Theoretical Framework

Some History…

The development of a framework for CCDS process scheduling is rooted in the job scheduling problems that emerged with industrialization and assembly-line work. It is not a coincidence that many of the classical scheduling problems have names like Job Shop Problem or Flow Shop Problem. Back then and now the targets are the same: execute complex jobs that might need treatment on different machines in a defined sequential orders with certain degrees of efficiency. Efficiency in this context can be defined in a number of ways. It might be the total time needed to execute a set of jobs, the compliance of given deadlines, the minimization of overall costs or a combination of all the above.

There are two ways to view the the Cognitive Continuum Digital Shadow¹:

¹ CCDS

Facility- or Machine-centered view.
Job-centered view.

The first is best modelled by a supply chain model. The second is principally a scheduling approach.

Figure 1: Two different viewponts of the CCDS: a supply chain model (left) and a scheduling model (right). DC = data center, CC = compute center, J = job.

We propose a combined model for the CCDS, composed of a Supply Chain Network Design² coupled with a Resource Constrained Process Scheduling³. In such a hierarchical system, the supply chain model allocates jobs to the best facilities, and the scheduling model then (optimally) sequences jobs among facilities and within a given facility. Supply chain optimization emphasizes “where” (facility choice, data transfer mode). Scheduling emphasizes “when” and “in what order.”

² SCND

³ RCPSP

Recall the basic problem: given a directed graph of $N$ data storage, transfer and processing jobs $\mathscr{J},$ find an optimal allocation $A$ and a feasible schedule $S.$ Further details below.

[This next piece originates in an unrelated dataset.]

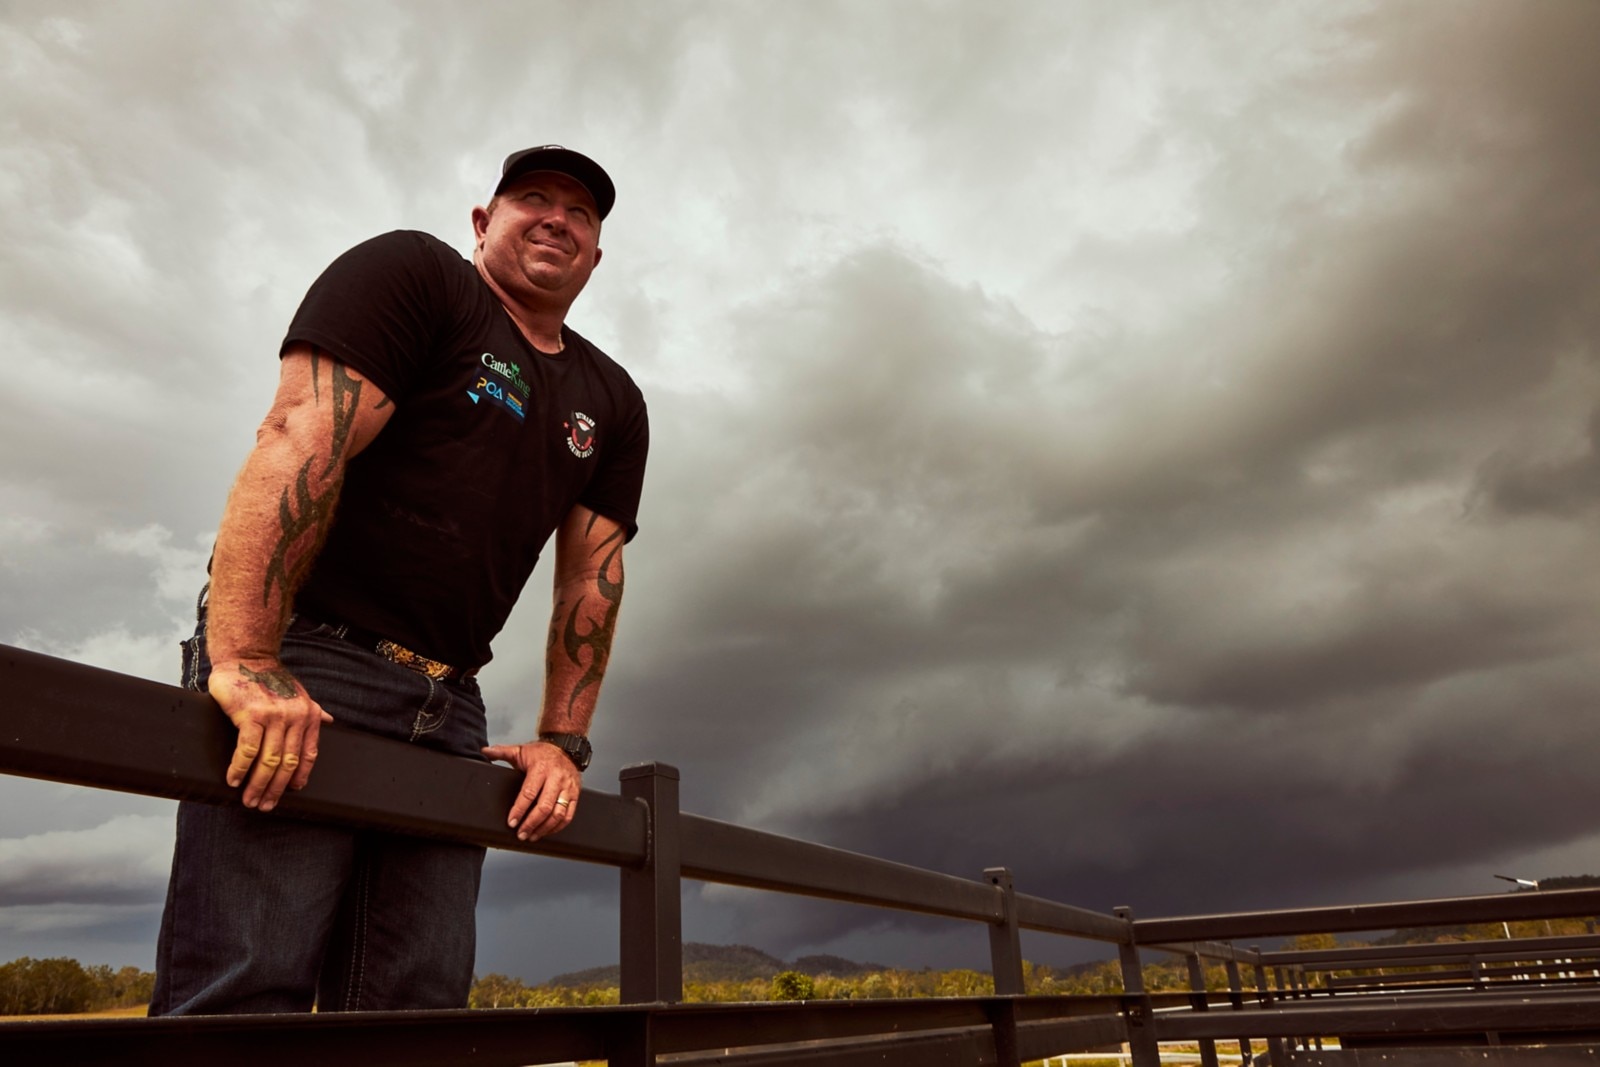 Jason Dittman standing on the bottom of his fence, looking up to dark clouds with sun shining through.
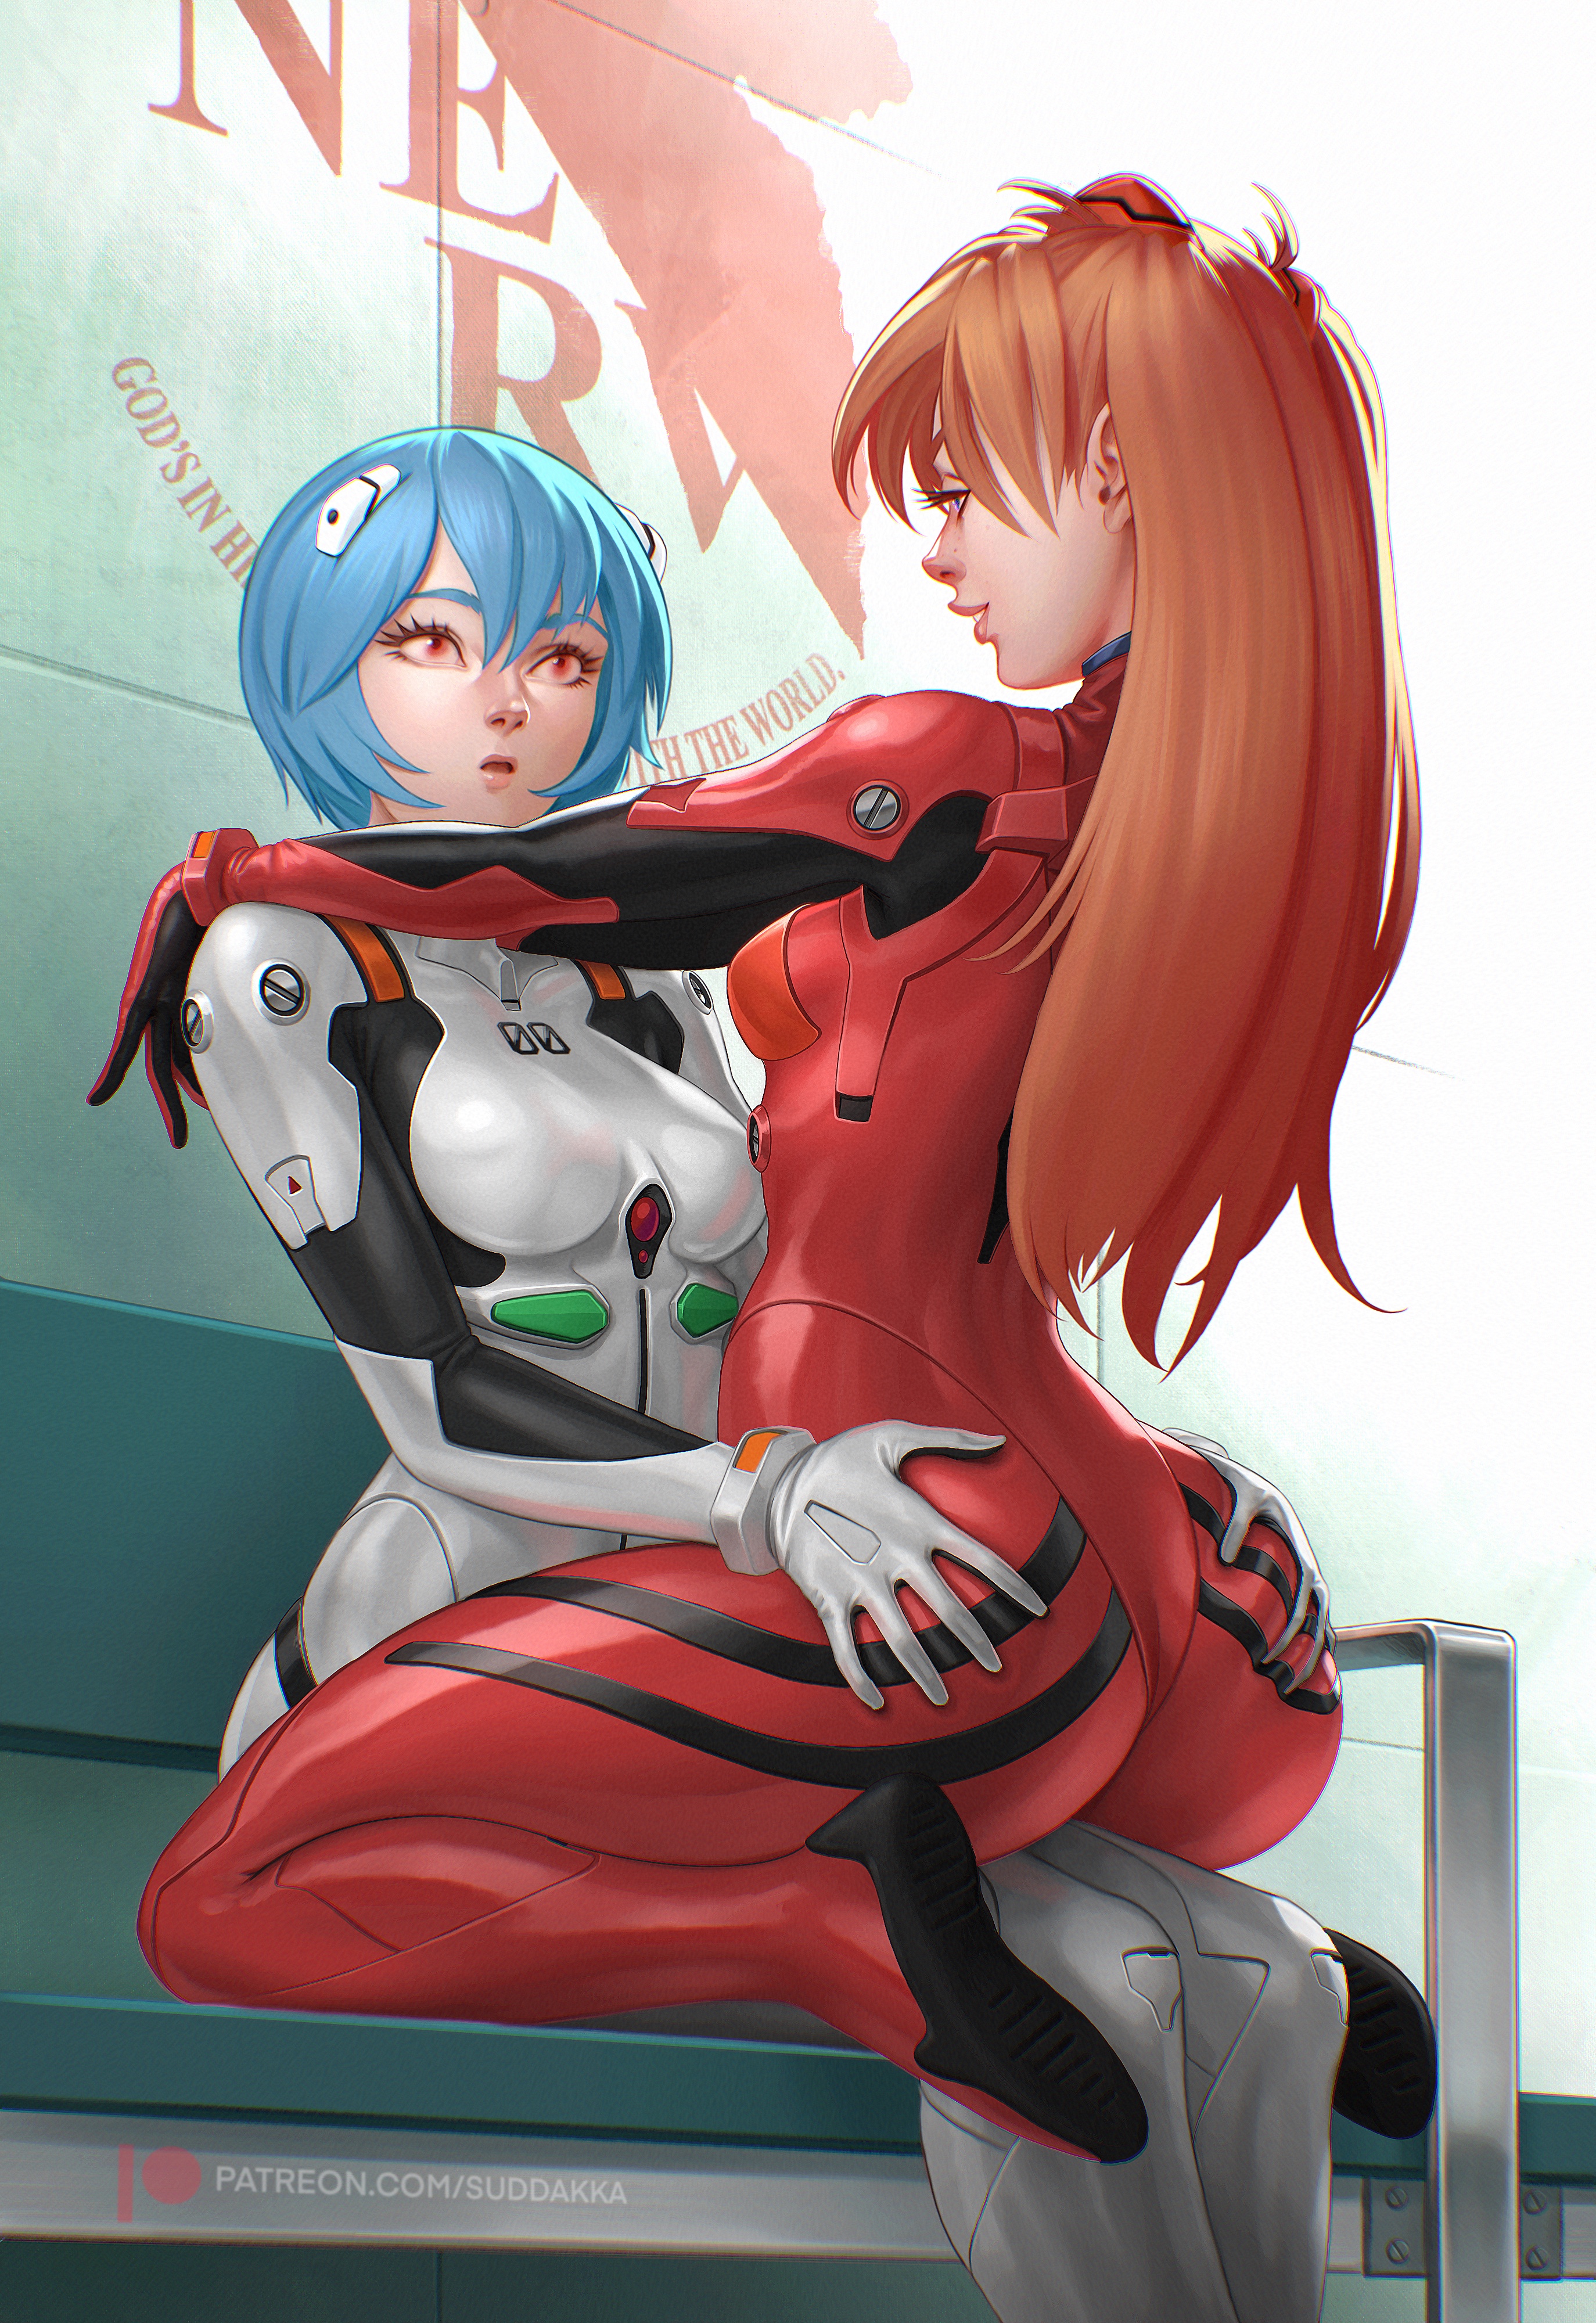 Anime 2748x4000 Suddakka Neon Genesis Evangelion Asuka Langley Soryu Ayanami Rei hands on ass plugsuit blue hair frontal view rear view long hair short hair sitting sitting backwards multiple characters anime girls looking away blue eyes red eyes freckles on bench watermarked thighs whole body bent legs girl sitting on girl profile parted lips spread legs straddling straight hair kneeling

$\mathscr{J}=\{ J_1, J_2, \ldots J_N\},$

Supply Chains with Scheduling

Let us begin by defining supply chains and scheduling in the context of the CCDS.

Definition 1 (Supply Chain) A supply chain is a network (directed graph) of jobs, facilities, data storage, networks, processing and end-product delivery to users. The design poroblem is to optimally allocate an ordered list of data storage and data processing jobs to an optimal choice of storage and processing centres.

Definition 2 (Scheduling) Scheduling is a decision-making process that deals with the allocation of (limited) resources to tasks over given time periods. Its goal is to optimize one or more objectives. The resulting schedule is a job sequence determined for every machine (facility) of the processing system.

These two models are complementary:

the SCND can be used for global, over a fixed period, modelling—for example over an entire project duration, or annualized;
the RCPSP can be used for time-dependent models, especially when uncertainty is introduced, as in a two-stage, or multi-stage, model—see below Section Stochastic, multistage programming.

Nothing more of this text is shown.